The main propulsion machinery, as designed, consisted of a cruise turbine and a main turbine set, of which RCN destroyers had two of each. From between 5% and 30% of full power, the more efficient cruise turbine was connected through the gearbox and provided all forward propulsion. Above 30% of full power, the Napier automatic clutch system disengaged the cruise turbine and engaged the main turbine to provide up to and including 100% of full power. The astern turbine was incorporated at the exhaust end of the main turbine casing.  The two stage main condenser was slung underneath the main turbine.

Power was transferred from the main gearbox to the propeller shaft by the double reduction gearbox. Power from the cruise turbine was transmitted to the main turbine drive gear via the Napier automatic clutch and an additional reduction gear. Both the cruise and main turbines were controlled by a single ahead throttle wheel, and the Napier clutch would automatically disengage at 30% power to allow the main turbine to take up the load. Power was transmitted to the hull by the gearbox, which had its own integral thrust block.
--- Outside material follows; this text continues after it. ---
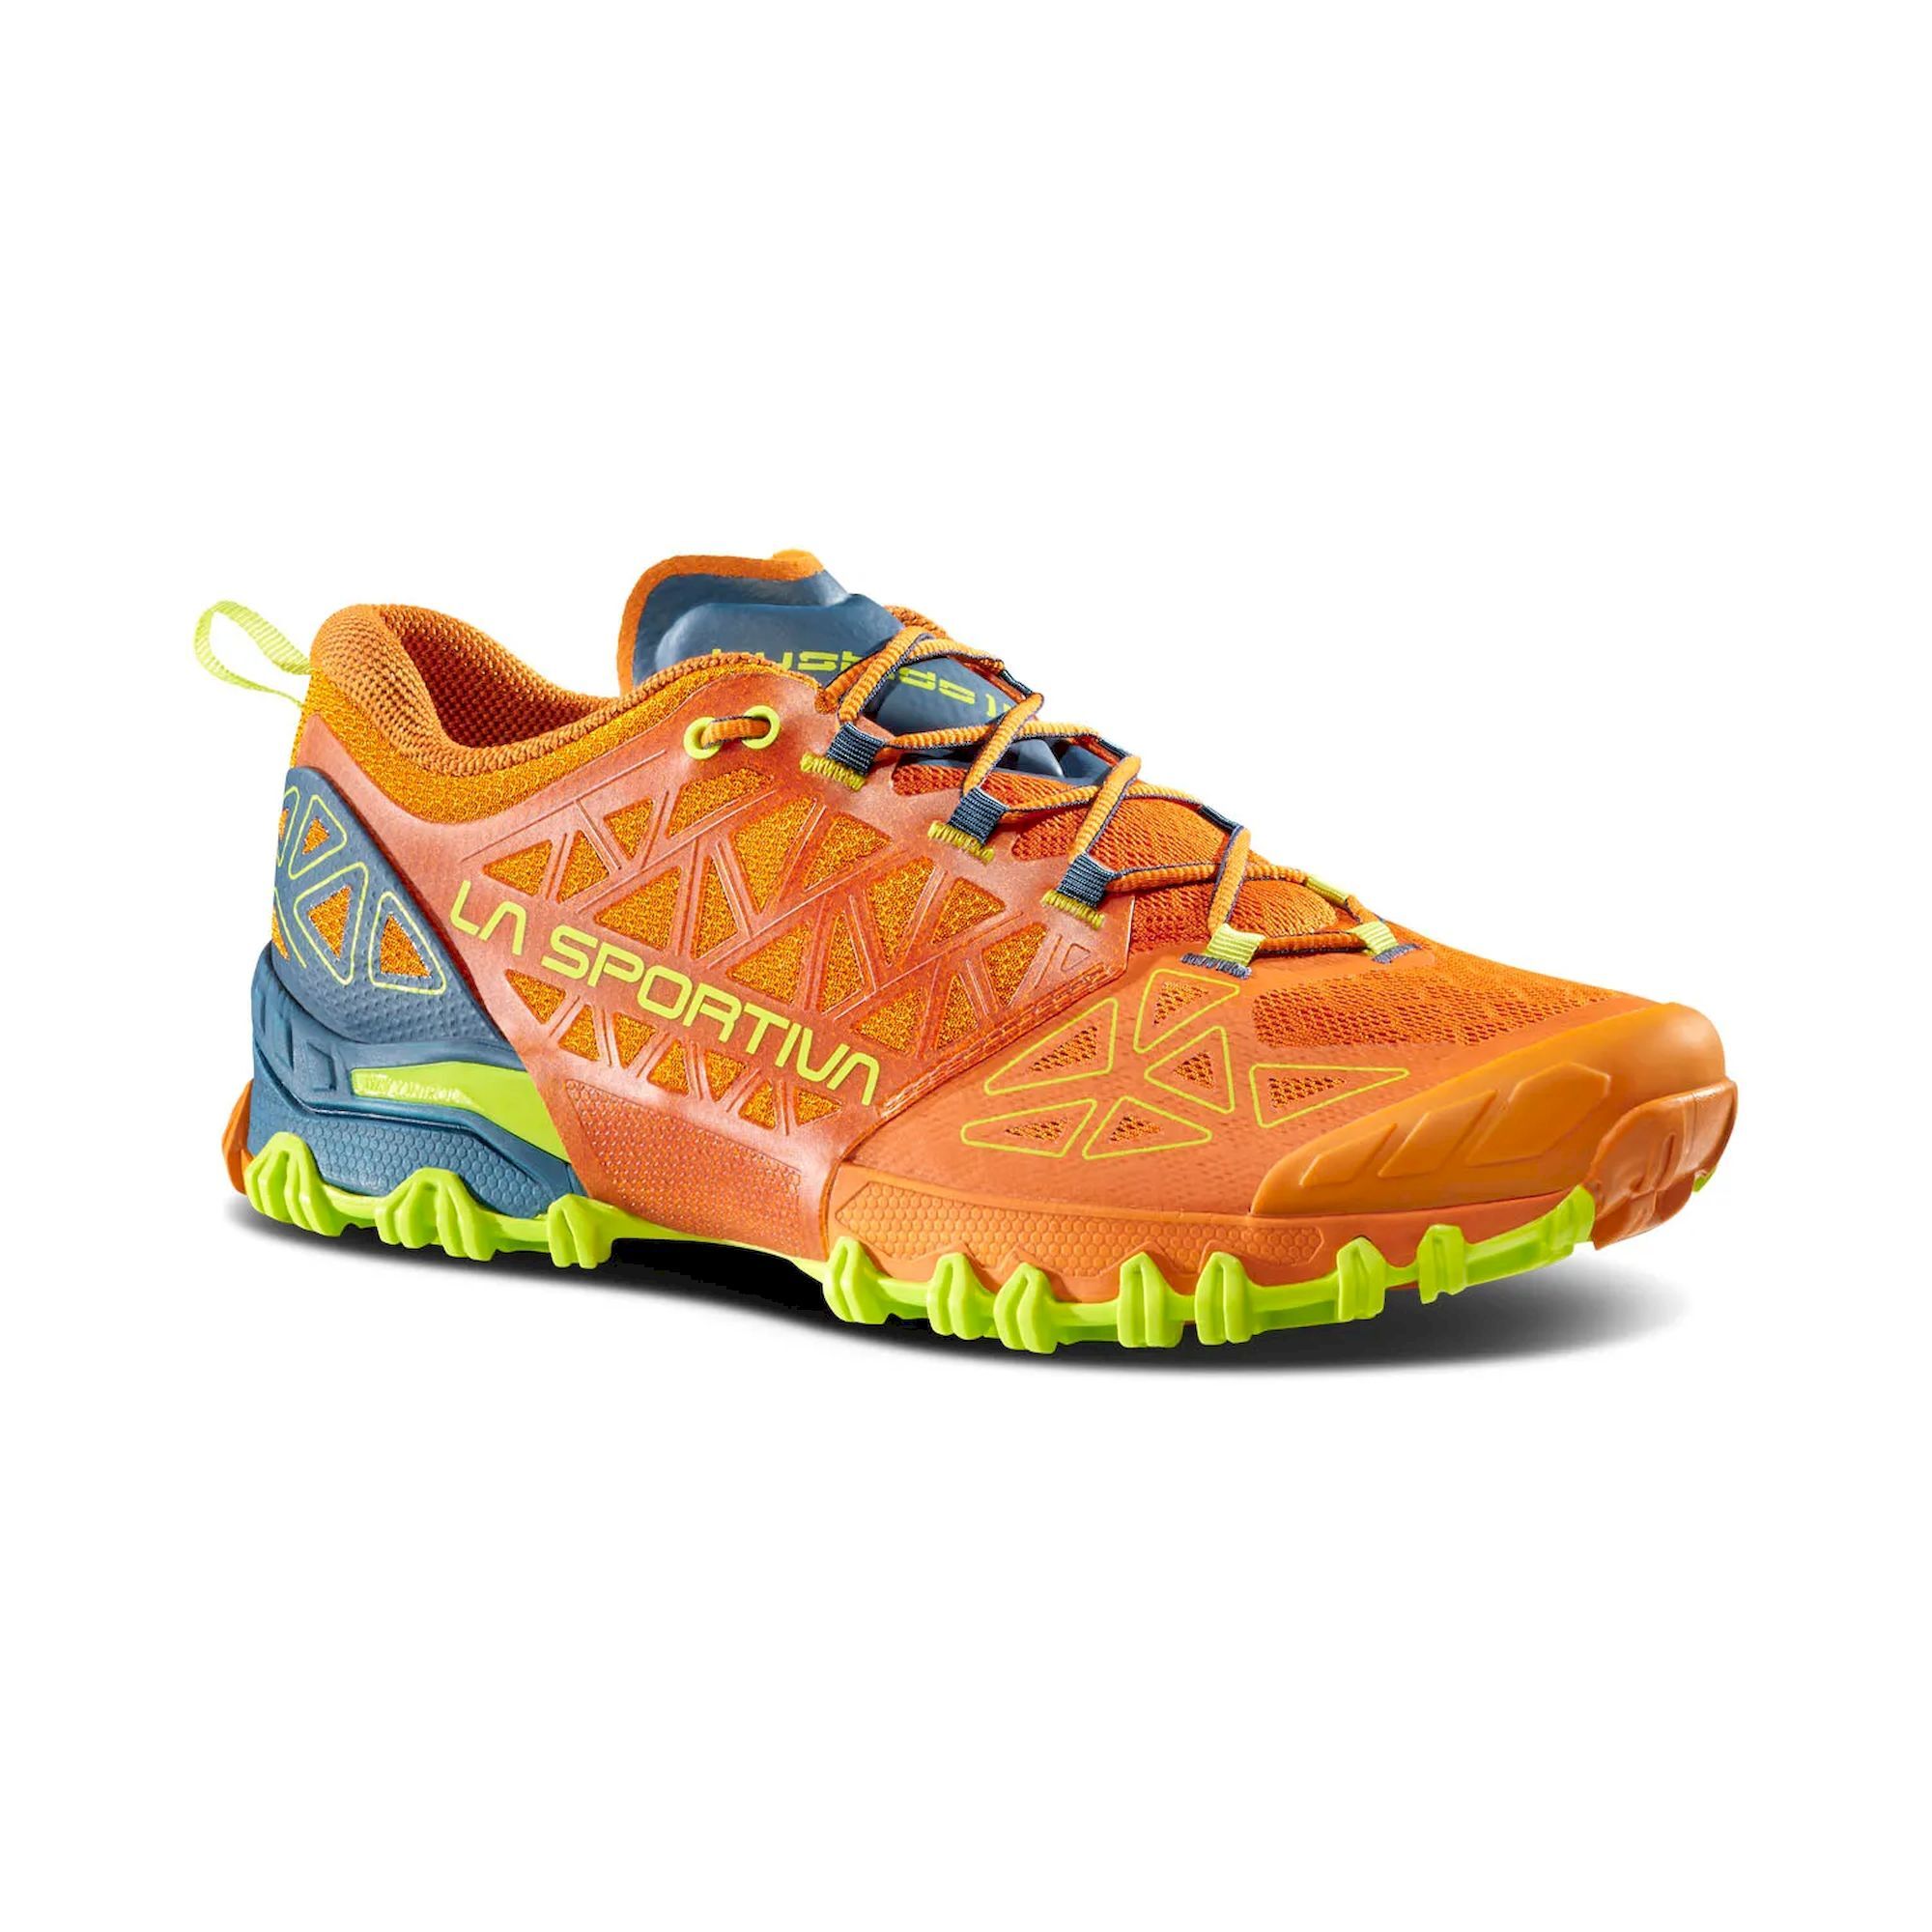 La Sportiva - Bushido II - Trail running shoes - Men's

The boiler room was situated athwartships and contained two Babcock and Wilcox natural circulation, single furnace boilers (integral furnace, with superheat control) located side-by-side and each with its own uptake merged into a single funnel; the nine ships that received the DDH conversion received twin funnels to allow for the installation of a hangar. Each boiler was of the two-drum, bent-tube type, fitted with double casings, and worked in an open boiler room. The double air-tight casings were of stainless steel, between which the combustion air was led to the burner registers.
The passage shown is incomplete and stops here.